If you make mytable large enough (say, 100,000 rows, as in your example) and run this query you will see that it takes considerable time.
However, if you apply TOP 5000 to this query you will see that it completes much faster than 1/20 of the time required for the full table.
Most probably, something similar happens in your case too.
To say something more definitely, I need to see the function definition.
Update:
SQL Server can push predicates into the function.
For instance, I just created this TVF:
CREATE FUNCTION fn_test()
RETURNS TABLE
AS
RETURN (
SELECT *
FROM master
);
These queries:
SELECT *
FROM fn_test()
WHERE name = #name
SELECT TOP 1000 *
FROM fn_test()
WHERE name = #name
yield different execution plans (the first one uses clustered scan, the second one uses an index seek with a TOP)
I had the same problem, a simple query joining five tables returning 1000 rows took two minutes to complete. When I added "TOP 10000" to it it completed in less than one second. It turned out that the clustered index on one of the tables was heavily fragmented.
After rebuilding the index the query now completes in less than a second.
Your TOP has no ORDER BY, so it's simply the same as SET ROWCOUNT 6000 first. An ORDER BY would require all rows to be evaluated first, and it's would take a lot longer.
If dbo.some_table_function is a inline table valued udf, then it's simply a macro that's expanded so it returns the first 6000 rows as mentioned in no particular order.
If the udf is multi valued, then it's a black box and will always pull in the full dataset before filtering.
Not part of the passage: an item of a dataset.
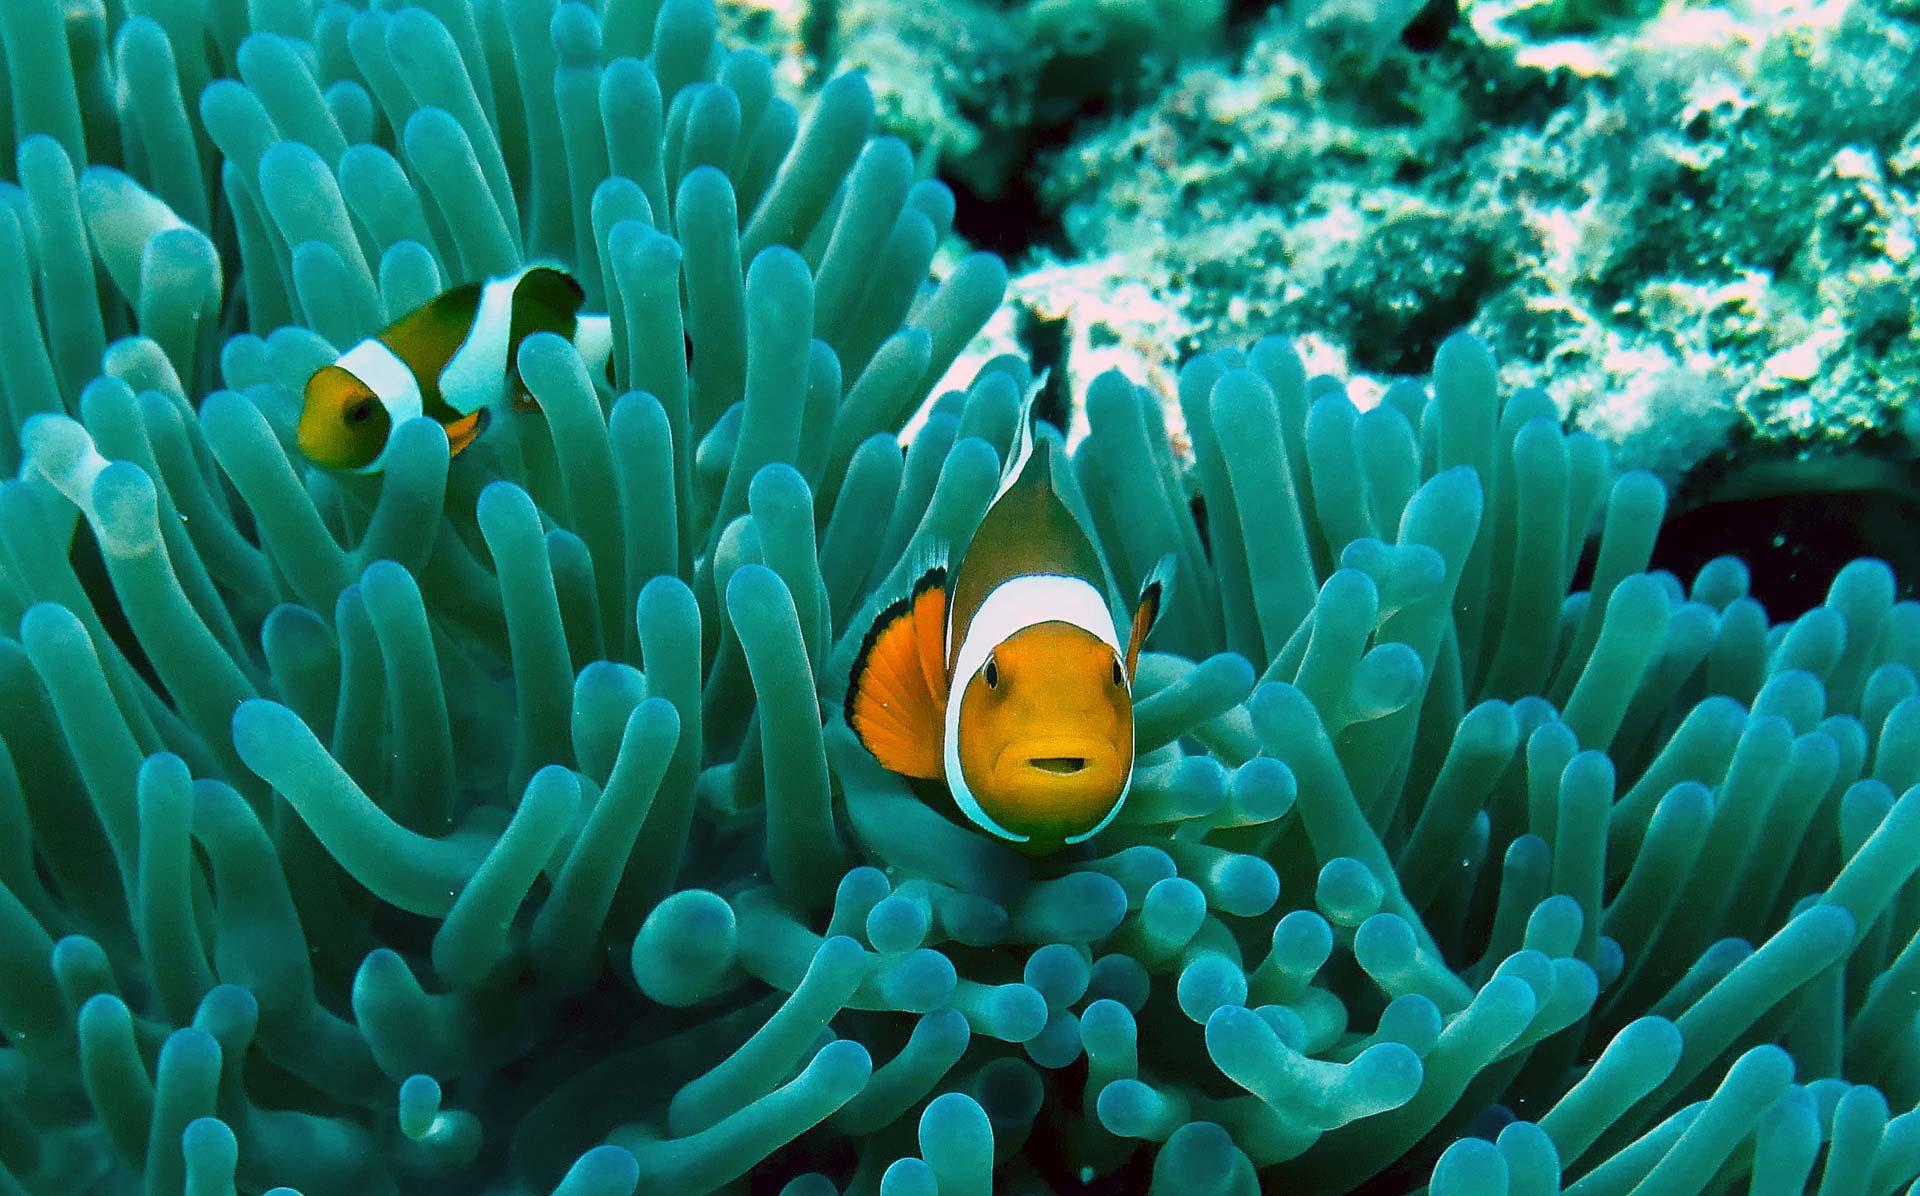 Poisson clown de l'aquarium de Monaco

I don't think this is happening.
Not directly related, but another SO question on TVFs
You may be running into something as simple as caching here - perhaps (for whatever reason) the "TOP" query is cached? Using an index that the other isn't?
In any case the best way to quench your curiosity is to examine the full execution plan for both queries. You can do this right in SQL Management Console and it'll tell you EXACTLY what operations are being completed and how long each is predicted to take.
All SQL implementations are quirky in their own way - SQL Server's no exception. These kind of "whaaaaaa?!" moments are pretty common. ;^)
It's not necessarily true that the whole table is processed if col1 has an index.
The SQL optimization will choose whether or not to use an index. Perhaps your "TOP" is forcing it to use the index.
If you are using the MSSQL Query Analyzer (The name escapes me) hit Ctrl-K. This will show the execution plan for the query instead of executing it. Mousing over the icons will show the IO/CPU usage, I believe.
I bet one is using an index seek, while the other isn't.
If you have a generic client:
SET SHOWPLAN_ALL ON;
GO
select ...;
go
see http://msdn.microsoft.com/en-us/library/ms187735.aspx for details.
I think Quassnois' suggestion seems very plausible. By adding TOP 6000 you are implicitly giving the optimizer a hint that a fairly small subset of the 200,000 rows are going to be returned. The optimizer then uses an index seek instead of an clustered index scan or table scan.
Another possible explanation could caching, as Jim davis suggests. This is fairly easy to rule out by running the queries again. Try running the one with TOP 6000 first.